## [Data segment]
Content starts

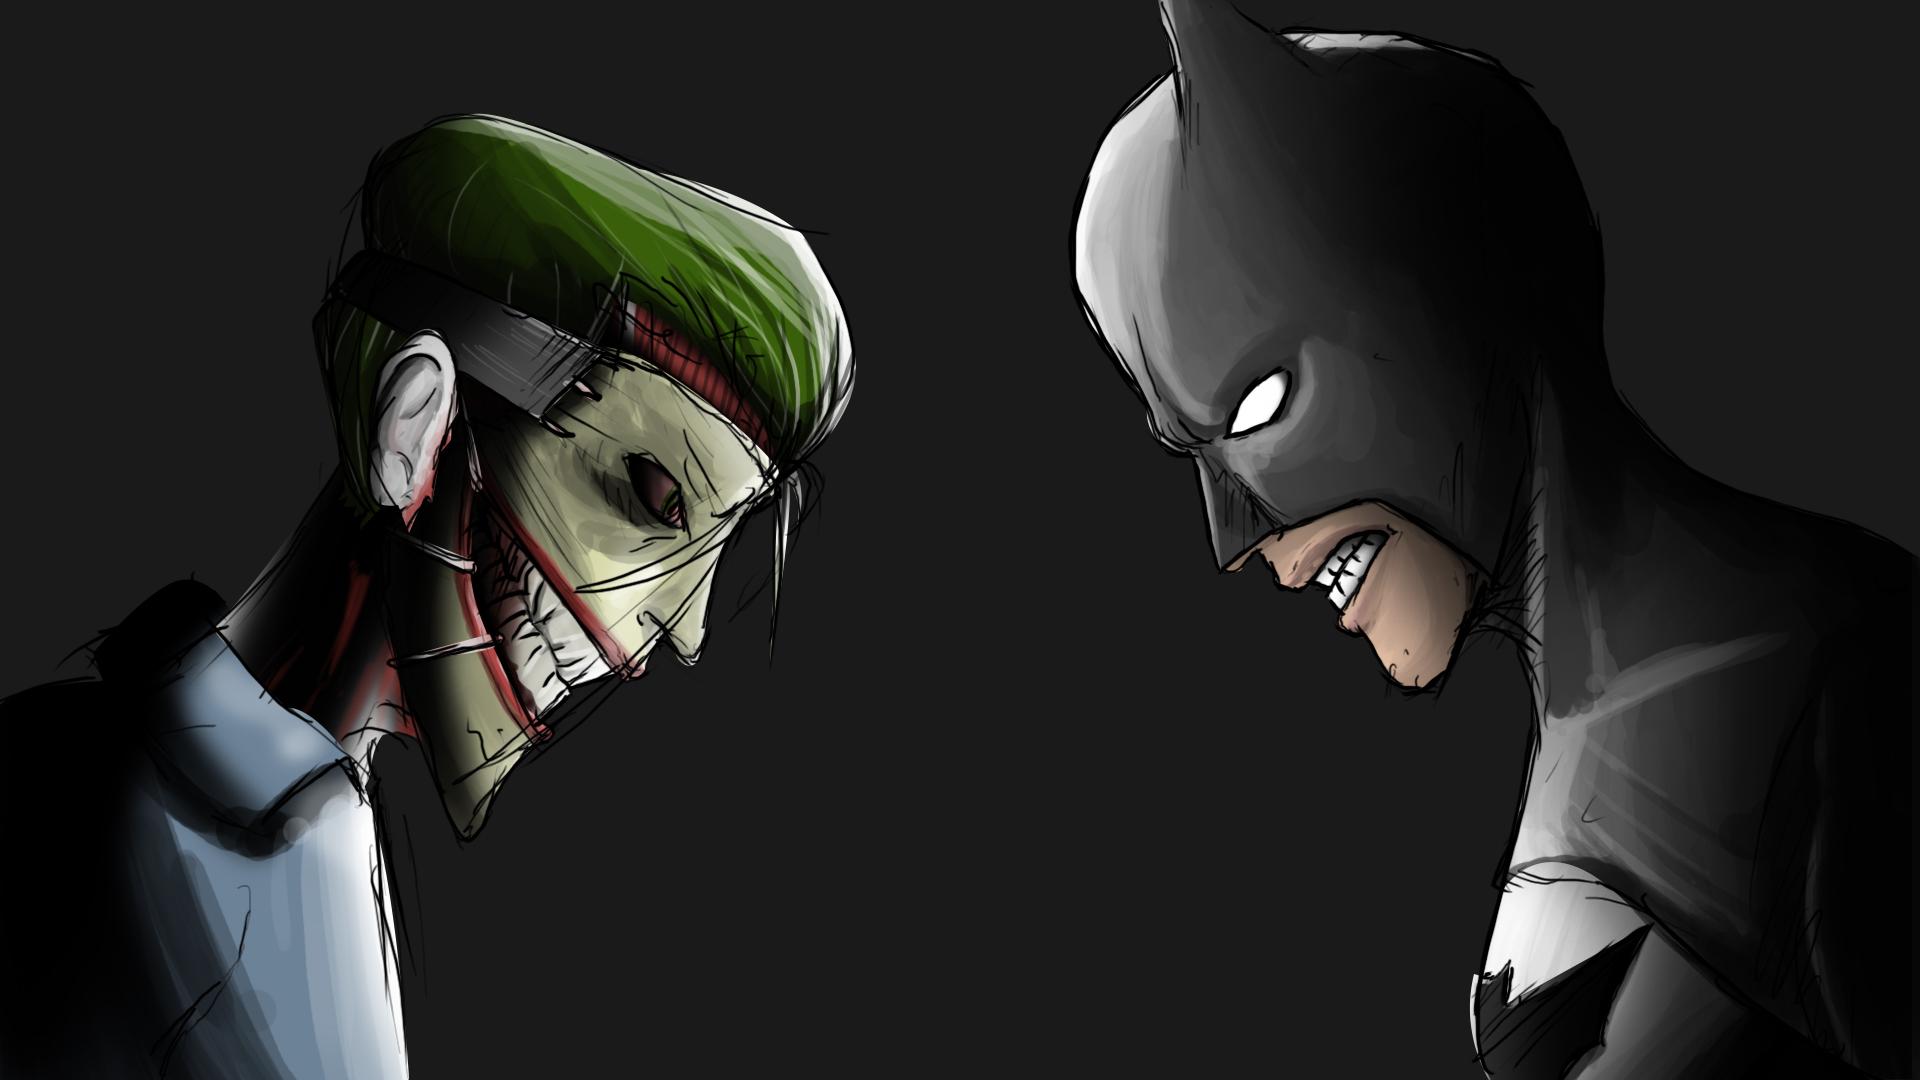 Bats V. Joke
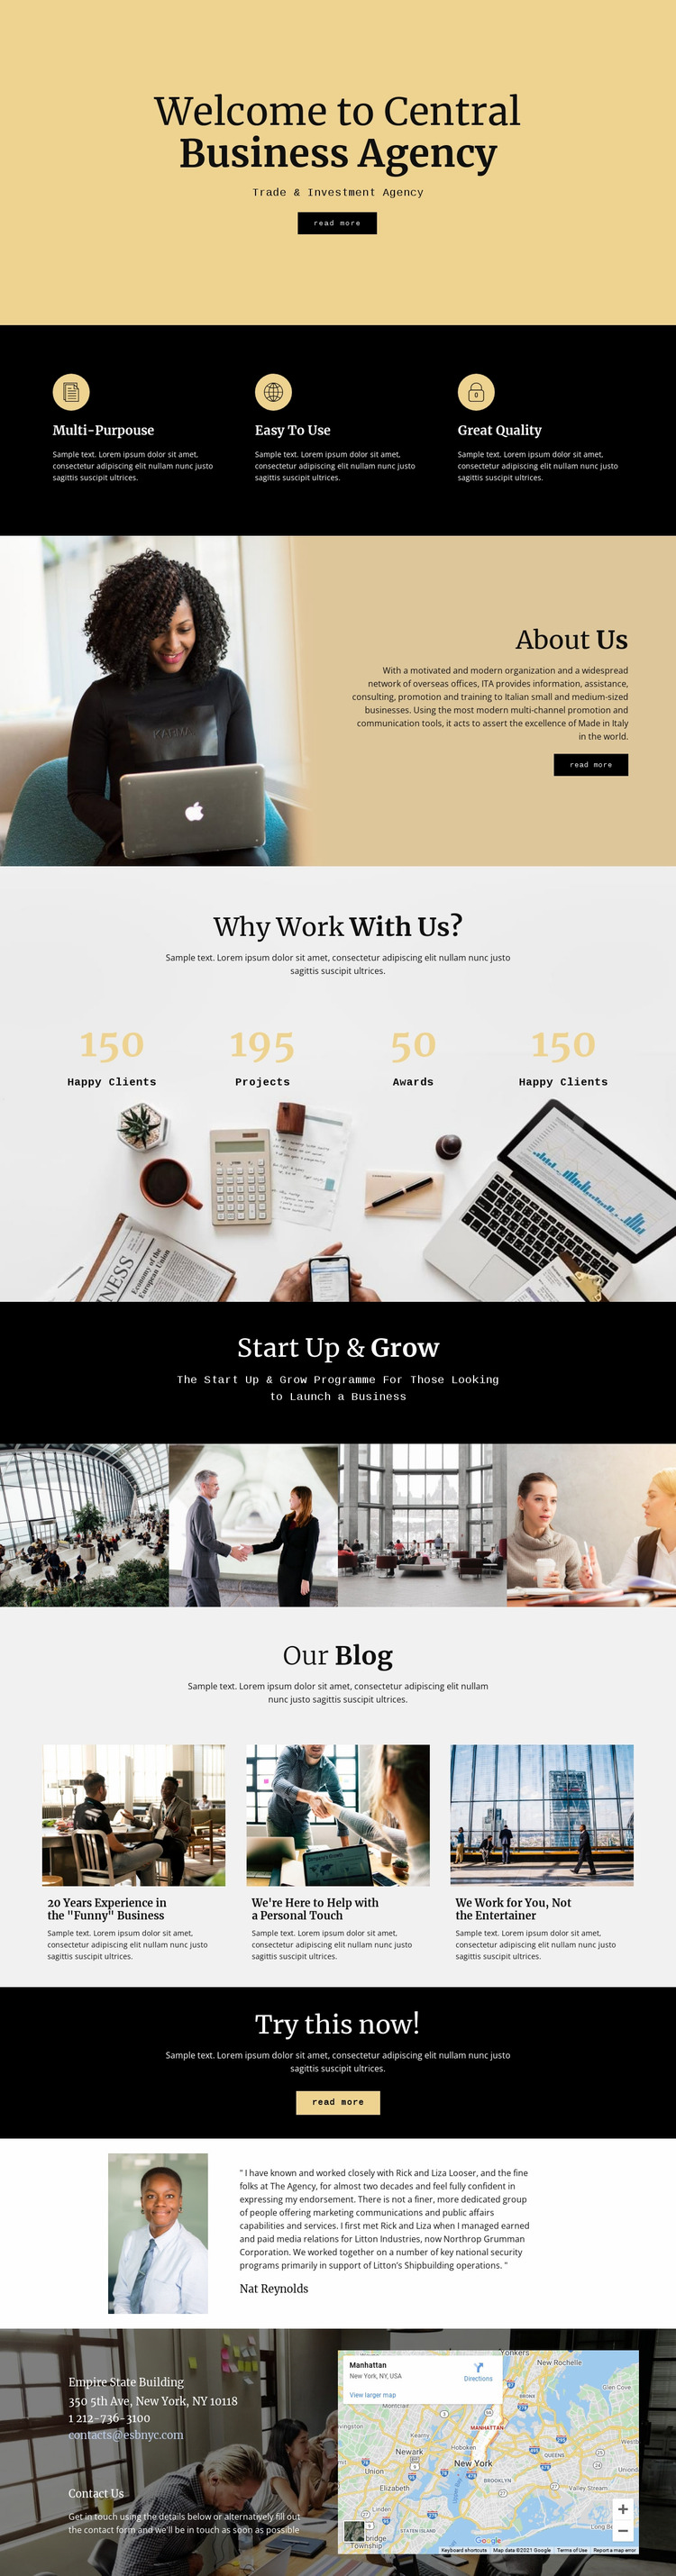 Central digital agency Website Mockup
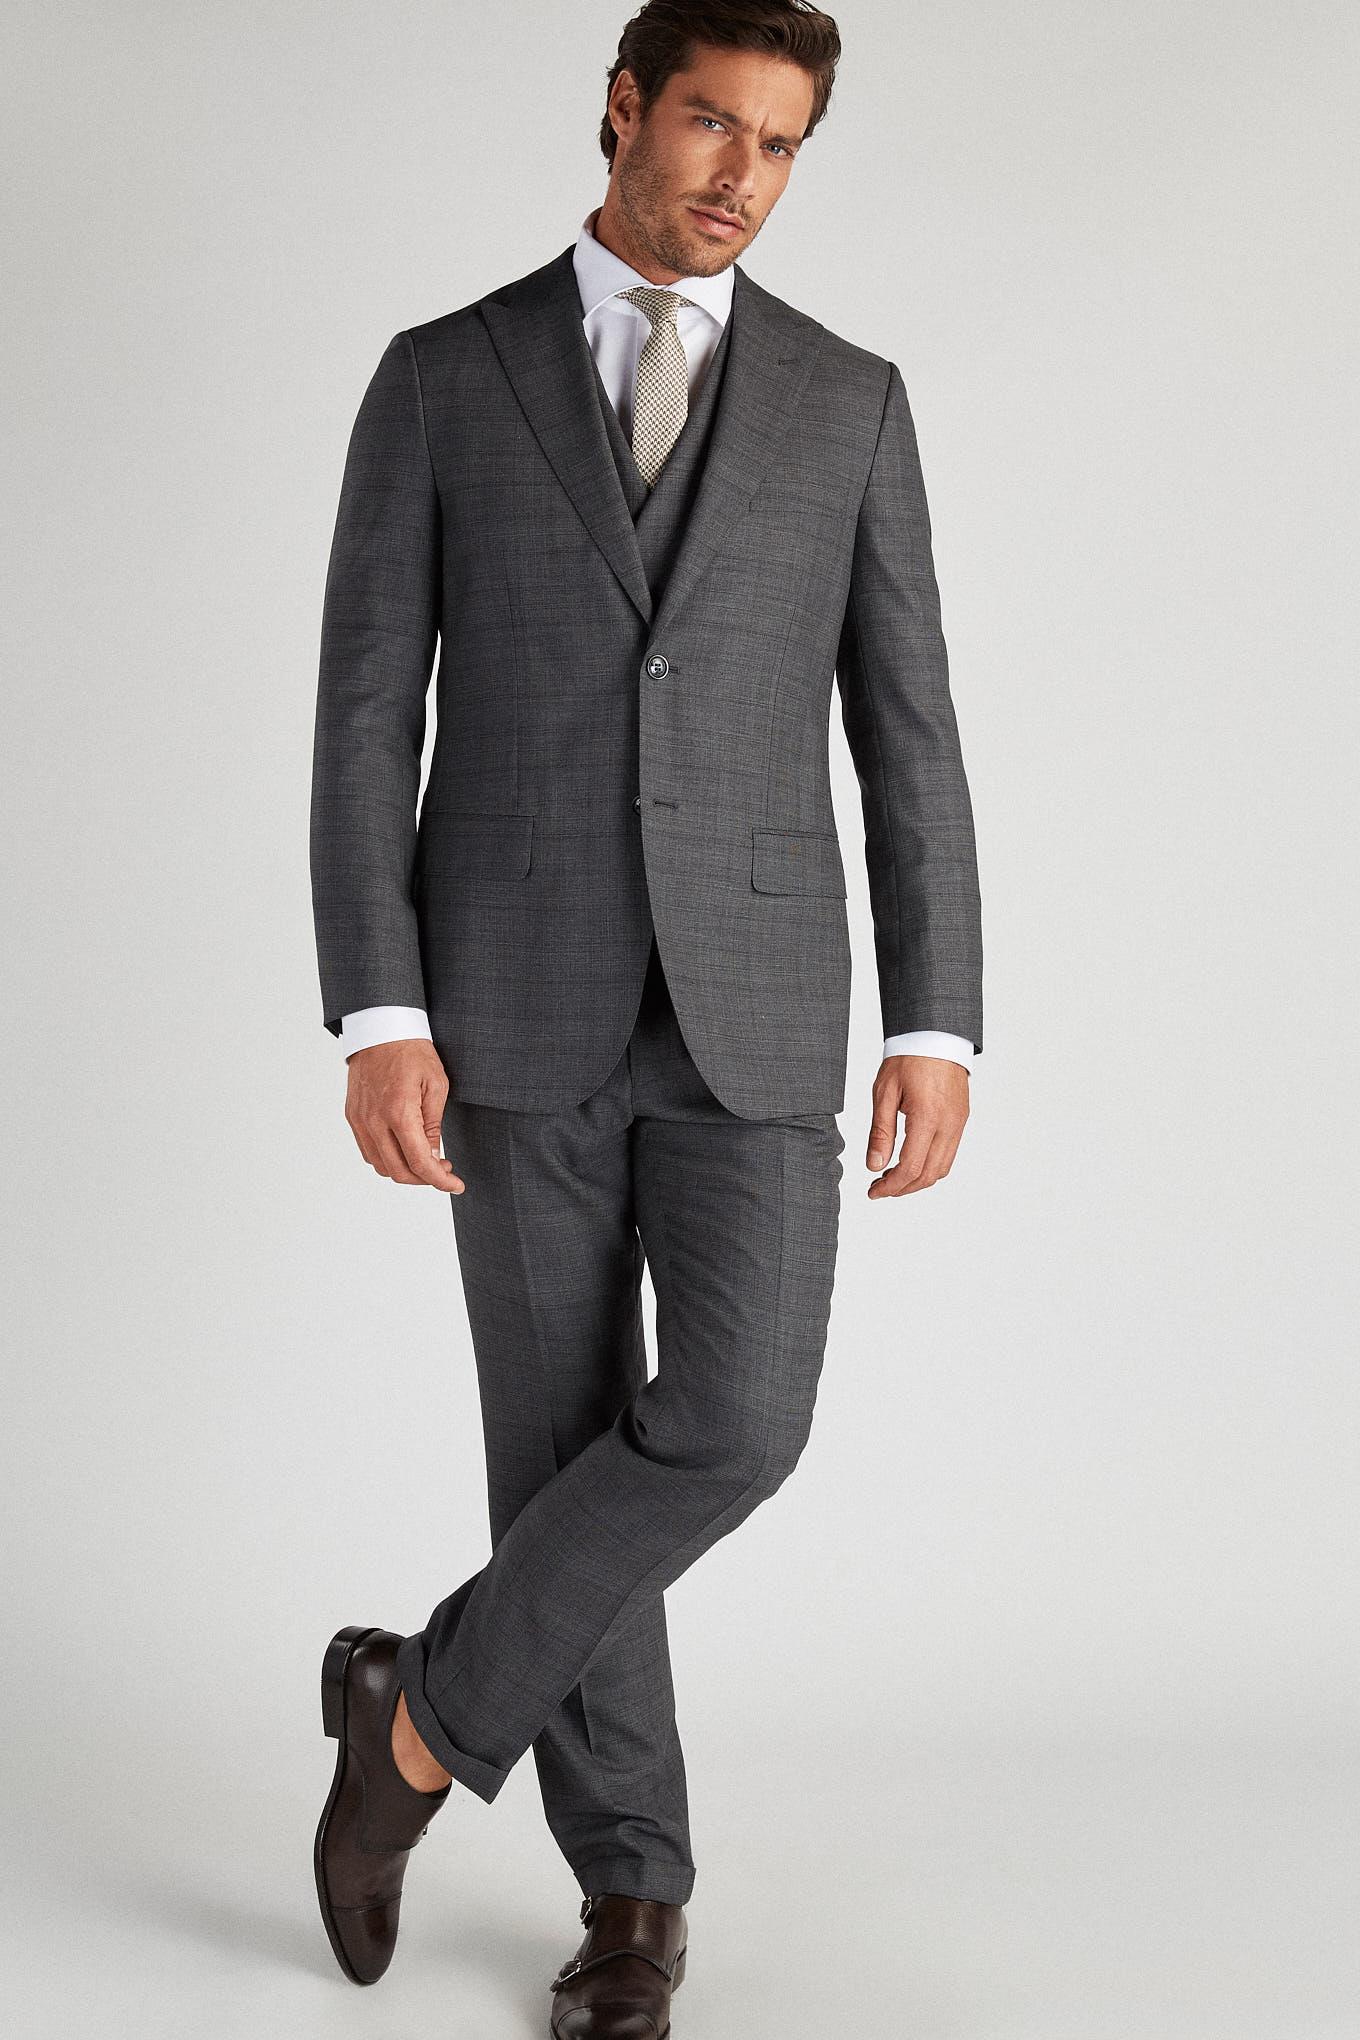 Suit with Vest Dark Grey Classic Man

Content ends

## [Work to complete]
Once the images are set aside, retype all of the material above exactly.

## [Solution to this exercise]
 Bats V. Joke
 Central digital agency Website Mockup
 Suit with Vest Dark Grey Classic Man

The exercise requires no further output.